Graph Processing With Spark

1 / 2

GraphX Quick Walkthrough

Welcome to a session on GraphX package of Apache Spark.

Before understand graphx, let us first understand what is a graph? A graph is data structure having vertices and edges. The vertices are connected via edge. We can represent complex relationships using graph. Here in the example, the vertices represent the people. Each vertex has the id and properties. Rxin is a student, jgonzal is a postdoctoral candidate and so on.

The edges represent the relationship between these people. For example, student marked with 3 id is collaboarator of 7 post doctoral candidate. Similarly, 5 franklin is the advisor of 3 student.

So, the graph is defined by two tables vertex table and edge table.

Most of the computational problems do have graph in one way or another. Many real life problems are solved using the graph data structures. Here are few examples of graph problems at large scale.

First one is finding common friends in a social graph such as facebook. The second example could be to find the page rank.

Most of the computational problems do have graph in one way or another. Many real life problems are solved using the graph data structures. Here are few examples of graph problems at large scale.

First one is finding common friends in a social graph such as facebook.

Second example is pagerank. Pagerank is the algorithm which made google the most successful search engine. A search engine basically keeps downloading various pages from the internet. After downloading it creates indexes and tries to understand the pages. Index is like a list of keywords with details about where those were found.

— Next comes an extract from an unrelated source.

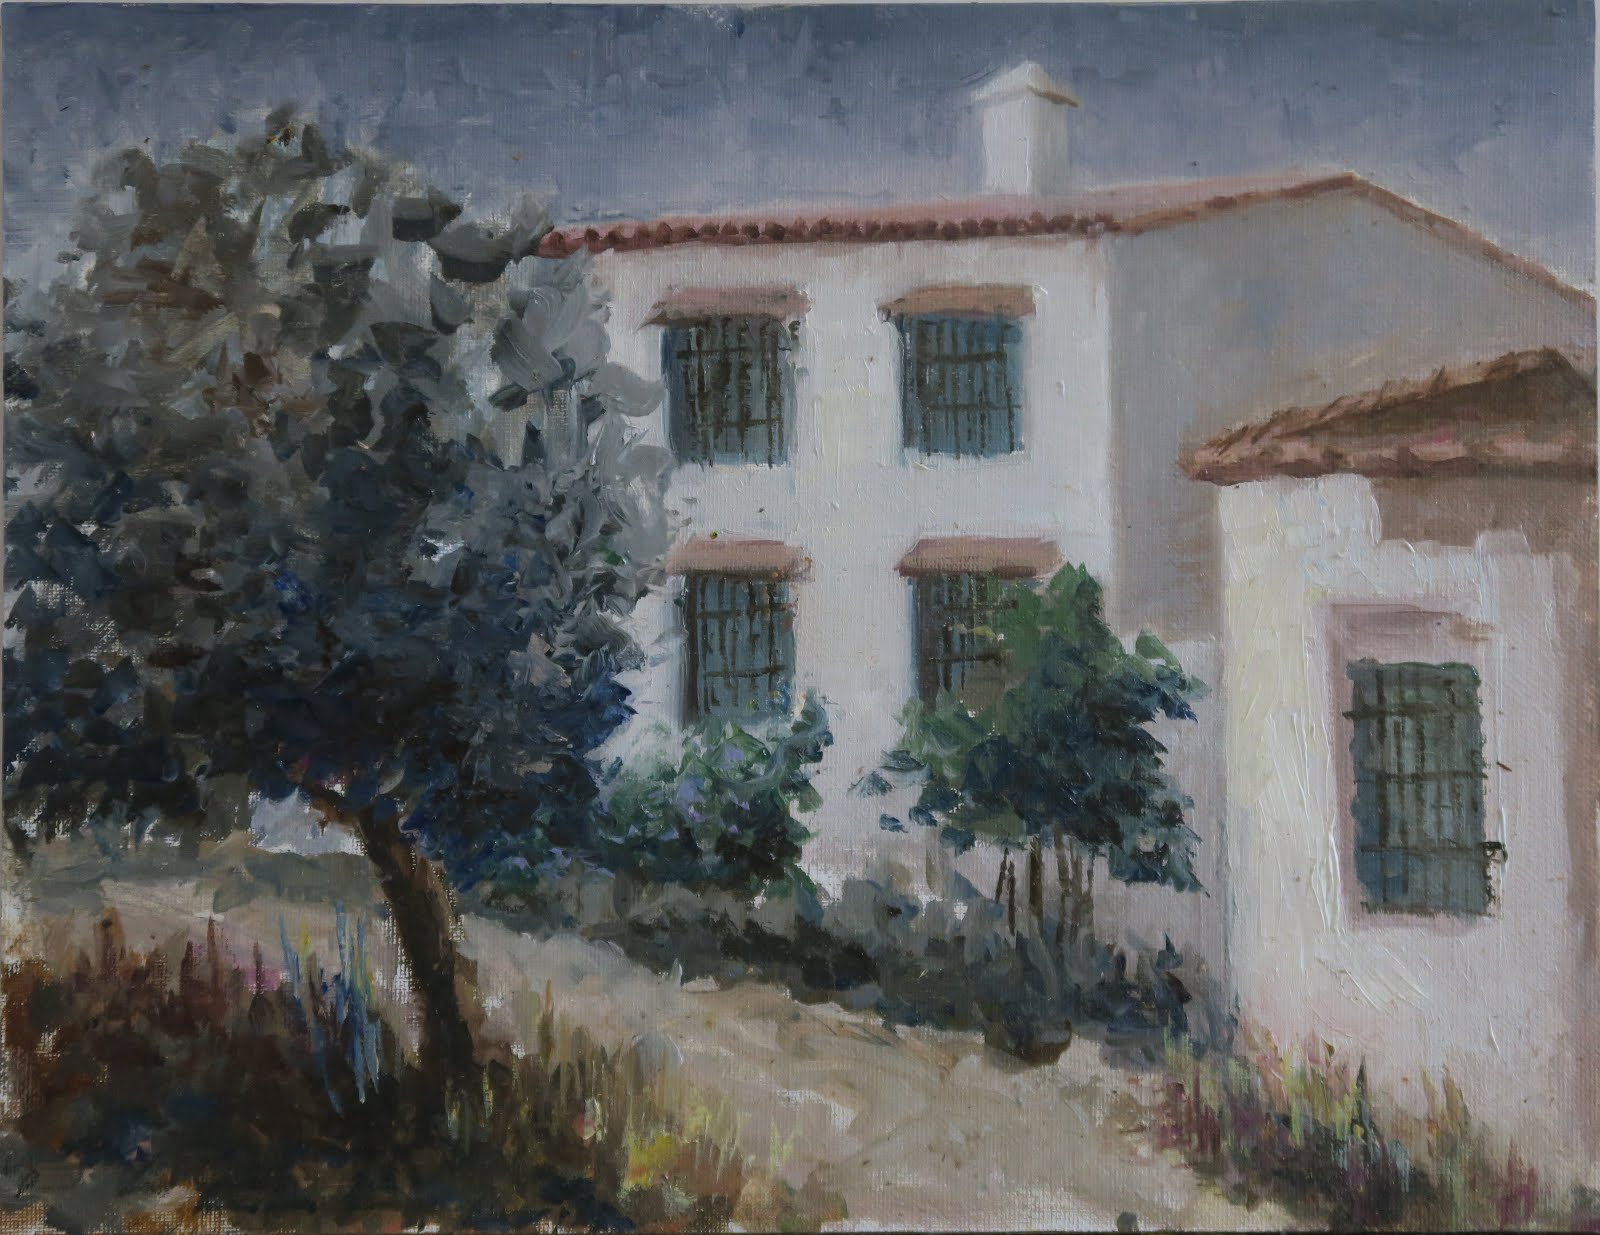 Cortijo; Almogía, Málaga (35x27)

When we search for some keywords, the search engine returns the results from its index. These results are ordered by relevence. Google computed the relevance based on how many pages are linking to a page. The more number of pages would link to your website, the higher would be the rank of your website. Also, the more important pages link to your website, the rank of your page will be further higher.

This kind of computation required keeping the relationships between the various pages as a graph. And the graph is generally repsented as a table of vertices and edge. In case of webpages, the vertices would repsent the pages and the edges would repsent the hyperlink. Since there are billions of webpages, google needed a map-reduce kind of infrastructure to do the pagerank computation.

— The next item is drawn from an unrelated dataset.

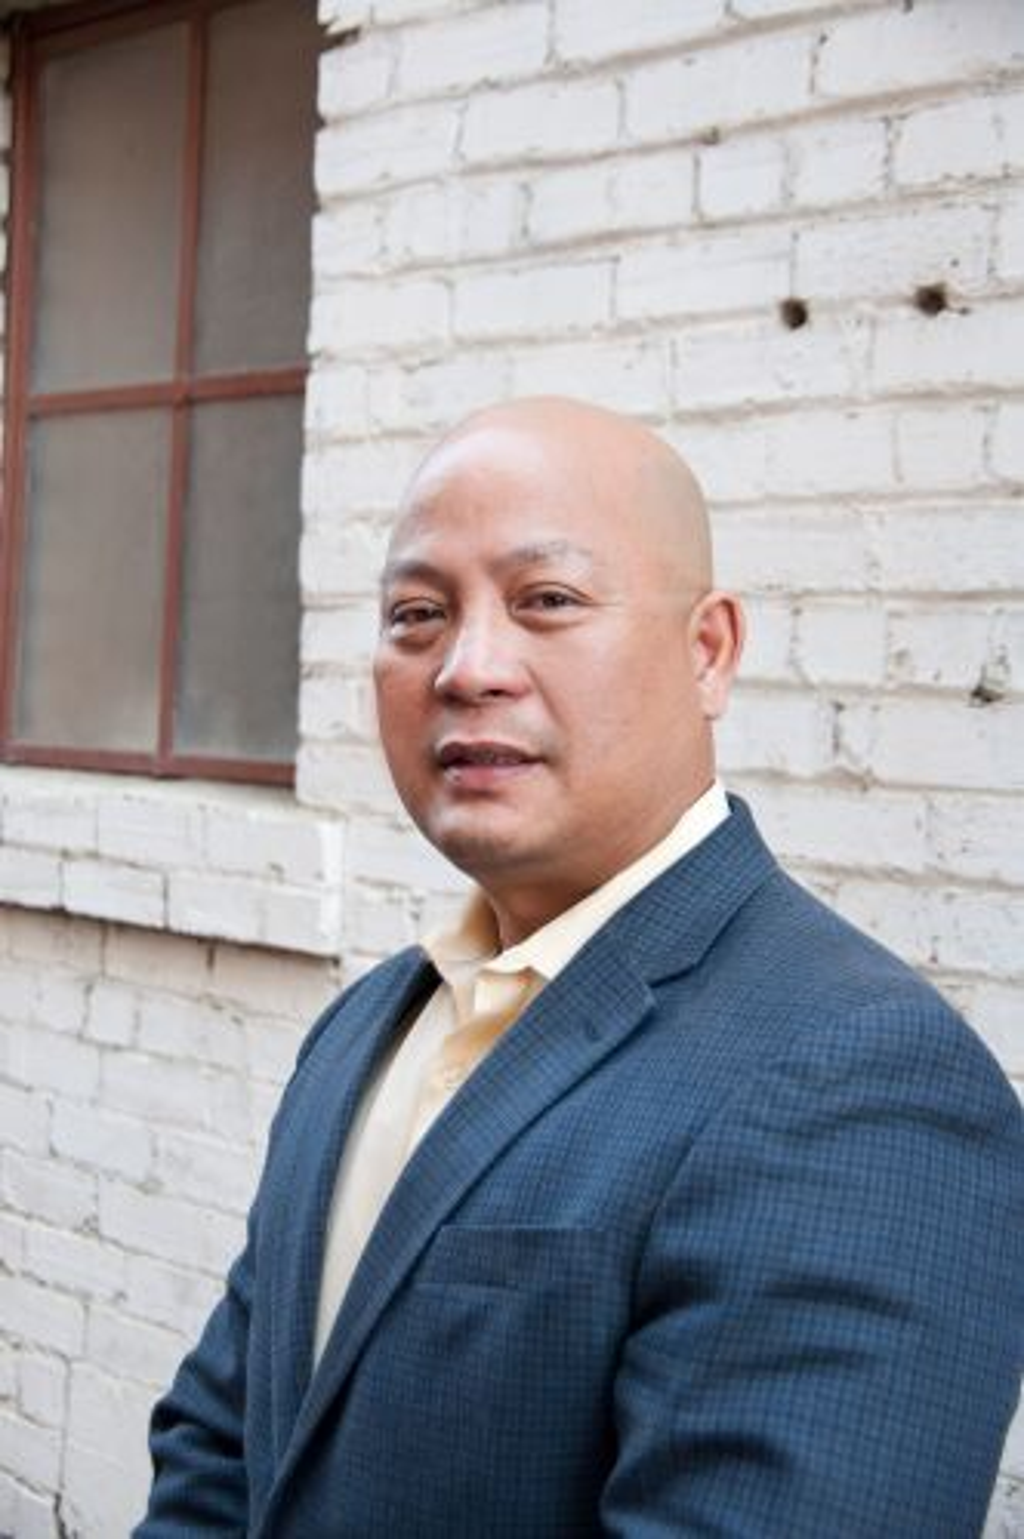 Arnel V Padilla agent image

The GraphX package of Spark unifies the ETL - extract transform and load functionality of data into the graph structure. GraphX also provides exploratory analysis. GraphX is faster than Giraph and slightly slower than graphlab.

GraphX makes it possible to view the same data as graph as well as the collections. It can convert the RDD into graph and vice-versa. GraphX can Transform and join graphs with RDDs efficiently. GraphX at its core basically Extends the Spark RDD by introducing a new Graph abstraction.

The graphX provide a very rich library of algorithms that involve graph computations.

GraphX provides pagerank algorithms. Pagerank means if important pages are linking to your website, you will be more important. This algorithm can be applied in situations other than websites too. For example, we can use pagerank algorithm to find the rank of various twitter handles.

The connected components algorithms provided by GraphX can be used to identify the clusters amongst your facebook friends.

The another important algorithm on Graphs is Triangle Counting. With this algorithms you can count the total triangles passing through each vertex. The counts of triangles is also a measure of clustering.

The other algorithms such as Label Propagation, SVD++ and strongly connect components are also provided by graphx.

It provides the fundamental operators on graph such as subgraph, joinVertices, aggregateMessages and many more. Take a look at the API and programming guide for more details.

With these operators, we can create our own algorithms.

Let us try to use pagerank of spark graphx. Say we have the following graph of people. Just beiber is following barack obama and barack obama and lady gaga are following each other. Similarly there john resig, martin, matel following one another.

Here, out of Barack Obama, Justin Beiber and lady gaga who is least important? It would be justin beiber because he is not followed up anyone. While out of barack obama and lady gaga, barack obama is more important because he is being folowing by two persons. This is what pagerank algorithm is.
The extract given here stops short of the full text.